Ascension – 2012

Dans le Pentecostaire, ce livre liturgique qui reprend tous les éléments de l’hymnographie des offices pour la période qui va de Pâques à la Pentecôte, mardi soir, à vêpres, cette indication : clôture de la fête de Pâques. Je n’ai pu m’empêcher de penser : déjà ! J’ai eu l’impression que tout cela avait passé bien vite, que je n’avais pas profité – plutôt, tiré le meilleur parti spirituel – de ce temps tout particulier où on ne cesse de chanter que le Christ est ressuscité des morts, que par sa mort il a triomphé de la mort et qu’il nous donne la vie ; ce temps durant lequel on ne se dit pas simplement bonjour mais qu’on affirme et confirme la résurrection …

Je me suis dit – mais ce n’est peut-être que mon imagination – que les disciples ont dû connaître cet état d’esprit. Plus fort encore : ils avaient connu le Seigneur, ils avaient partagé ses déplacement, été témoins de ses miracles, pour certains, ils avaient vu sa gloire sur le Mont Thabor. Ils avaient souffert, douté, renié même, alors que Jésus vivait sa passion. Et puis ils l’avaient vu, Christ ressuscité. Oh ! Là aussi, il avait fallu du temps : ils n’avaient pas cru les femmes, ils ne l’avaient pas reconnu quand il cheminait avec eux. Mais, finalement, il avait été là, partageant avec eux le pain, le poisson ou un rayon de miel. Il leur avait donné ses dernières instructions, son dernier enseignement, il leur a ouvert l’esprit, on pourrait même dire qu’il les a ouverts à l’Esprit, ouvert leur cœur à recevoir l’Esprit Saint. Et puis, il est parti.

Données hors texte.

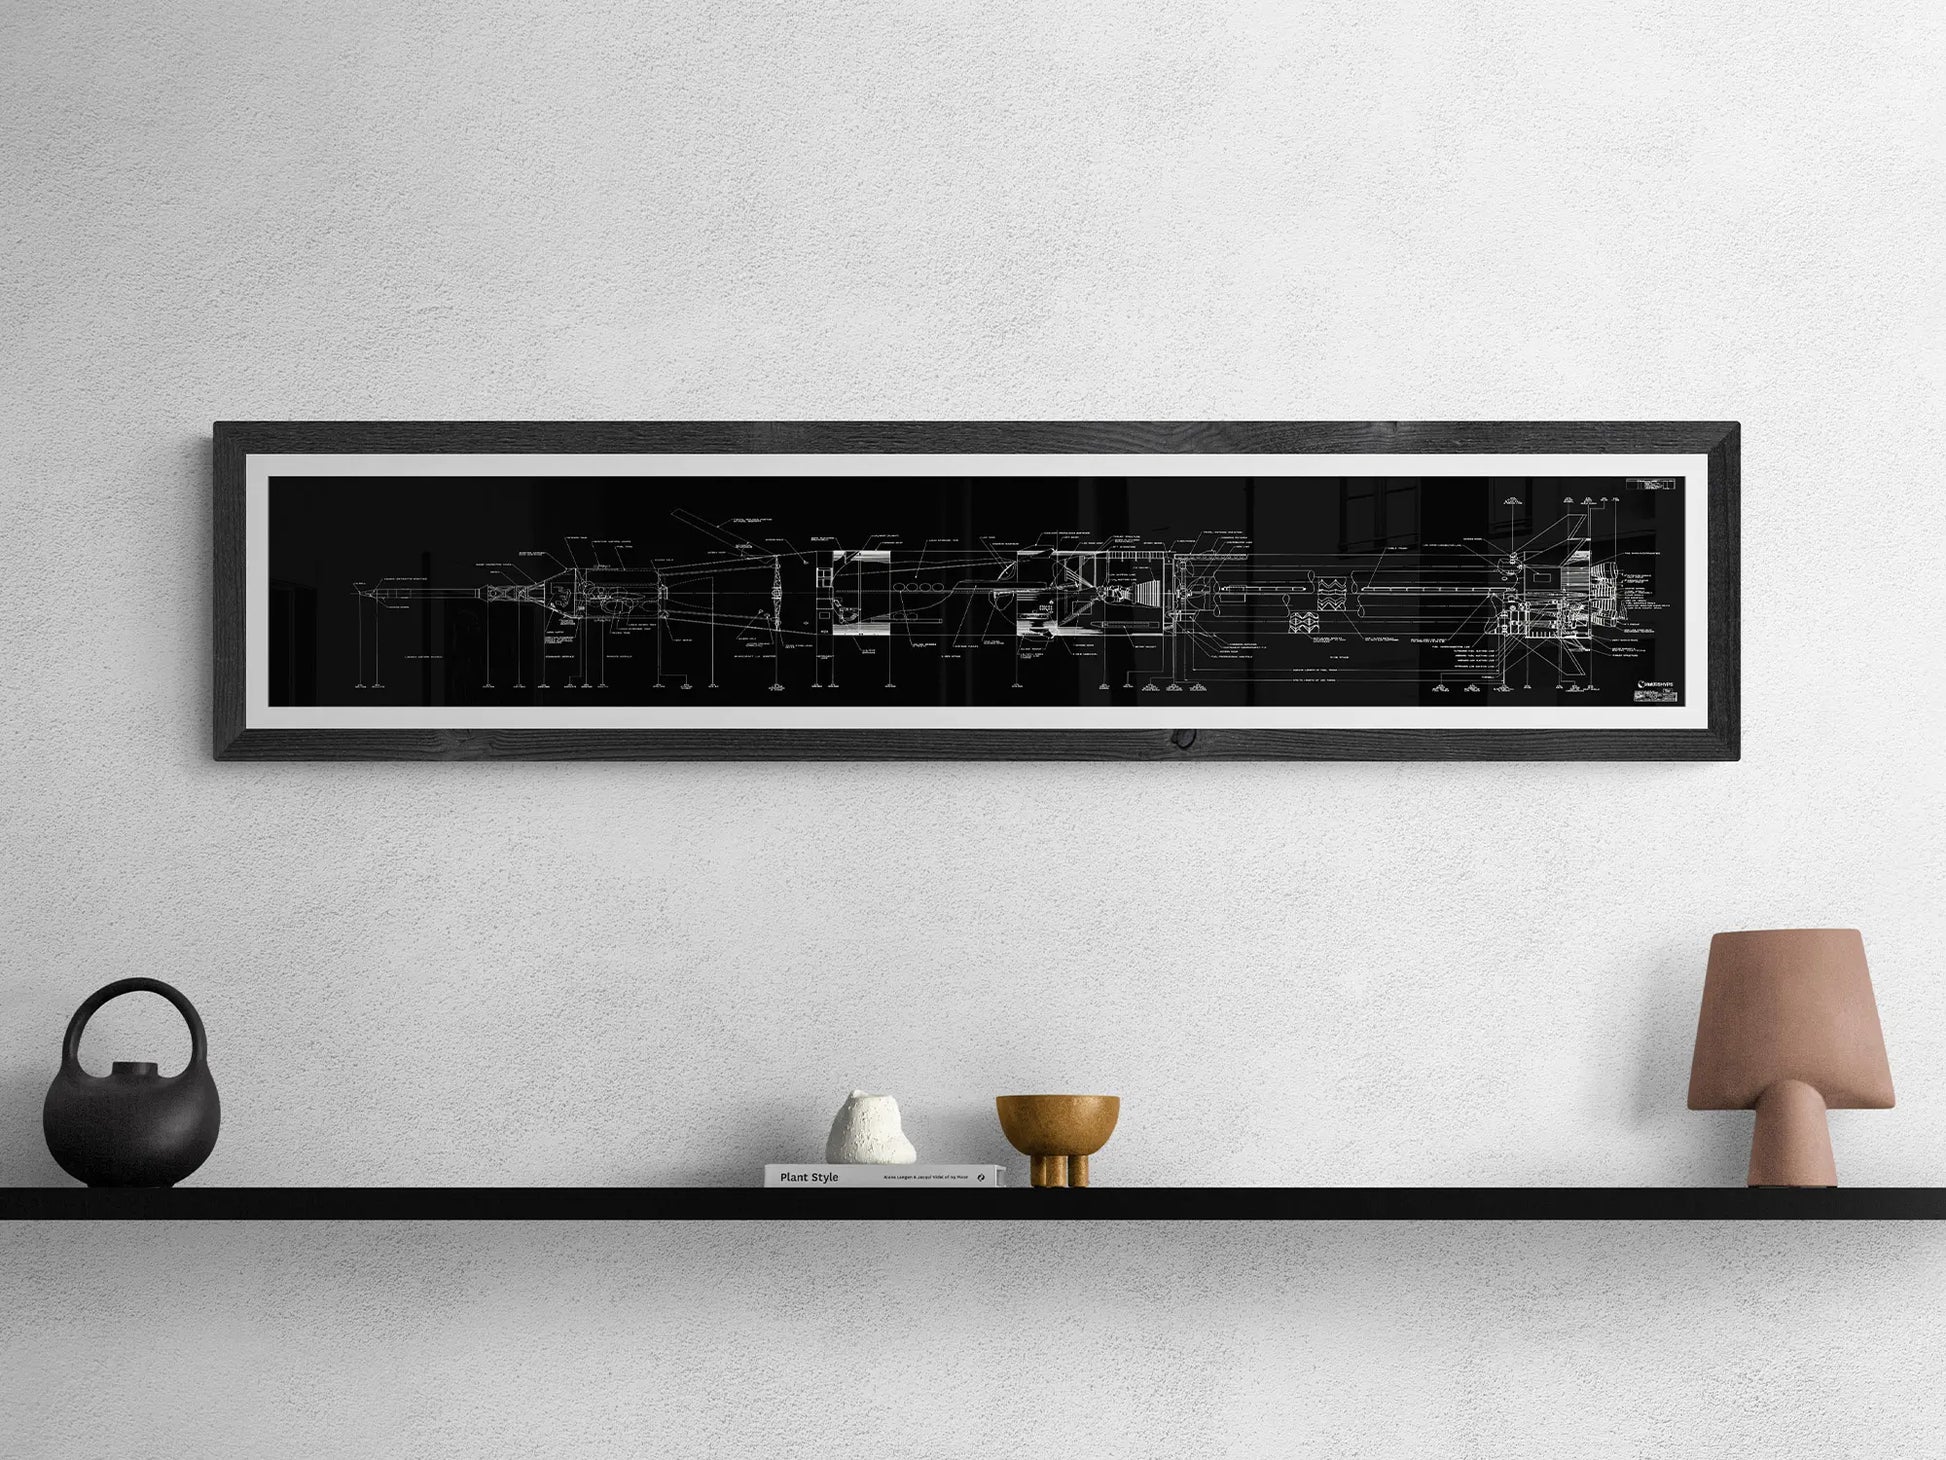 Apollo Saturn Blueprint | NASA posters | Technical blueprint diagram of an spacecraft | A framed black and white blueprint of the Saturn IB rocket hangs on a light gray wall above a black shelf. The shelf holds a round black teapot, a small white sculpture, a gold-colored bowl, and a small, brown lamp.

« C’est votre avantage que je m’en aille – avait dit le Christ à ses disciples –  en effet, si je ne pars pas, le Paraclet ne viendra pas à vous ; si, au contraire, je pars, je vous l’enverrai».  « Le séjour corporel du Christ parmi nous a pris fin, les actes de l'Esprit commencent ». La phrase est de saint Grégoire de Naziance. Elle nous place dans la réalité des choses : Dieu est intervenu directement, personnellement, dans la vie des hommes : son Fils s’est incarné. Il a vécu sur notre terre, dans notre temps. Et notre temps, maintenant, est devenu le Sien. Le temps de l’Esprit. Comme il l’avait promis à ses disciples juste avant des les quitter, il a envoyé le Paraclet, Esprit consolateur, Esprit de vérité. Et nous, maintenant, je veux dire dès ce jour de l’Ascension et jusqu’à celui de la Pentecôte, nous vivrons à nouveau cette attente de l’Esprit Saint.

Parce que, si nous voulons évoluer spirituellement, approfondir notre foi, nous devons sans cesse revivre ces moments, éprouver ces sentiments, parfois même, ces émotions. Comme celle de sentir un nouveau déchirement en voyant le Christ s’élever au ciel. On nous l’avait pris sur la croix, il était sorti vivant du tombeau et maintenant, il nous quittait, jusqu’à ce jour que nul ne connaît, cette heure que personne ne sait. Il nous quitte mais il ne nous abandonne pas. La présence de Dieu, pour nous, ne se manifeste plus par son Fils incarné, mais par l’Esprit qui nous est donné.

« Seigneur, lorsque tes apôtres t’ont vu élevé au-dessus des nuées, le cœur rempli de larmes et de chagrin, ô Christ, source de vie, ils te dirent en pleurant : ‘Maître, ne laisse pas orphelins les serviteurs que tu aimas d’un tendre amour, mais comme tu nous l’a promis, envoie sur nous ton saint Esprit pour qu’il fasse briller sur nos âmes la clarté ». Voilà ce que nous avons chanté hier soir, aux vêpres, nous identifiant ainsi, en quelque sorte, aux apôtres eux-mêmes.

« Homme de Galilée, pourquoi restez-vous ainsi à regarder le ciel ? » disaient les deux hommes vêtus de blanc lorsqu’ils apparurent à Béthanie. Ne soyons pas tristes. Comme les disciples, soyons en grande joie et restons dans l’Église louant et bénissant Dieu. Car ce qui nous sera donné, c’est l’Esprit qui fera que le Christ pourra vivre en nous et nous en Lui. Non pas donné, mais revivifié. Car la grâce, nous l’avons reçue par le baptême, l’Esprit, nous l’avons reçu par le Saint Chrême. « Sceau du don de l’Esprit Saint » dit le prêtre en faisant l’onction. Mais ce qui nous a été donné à ce moment, ce n’était que comme un germe, une semence, que nous devions, que nous devons maintenant encore, faire grandir, fortifier avant de pouvoir le faire fructifier.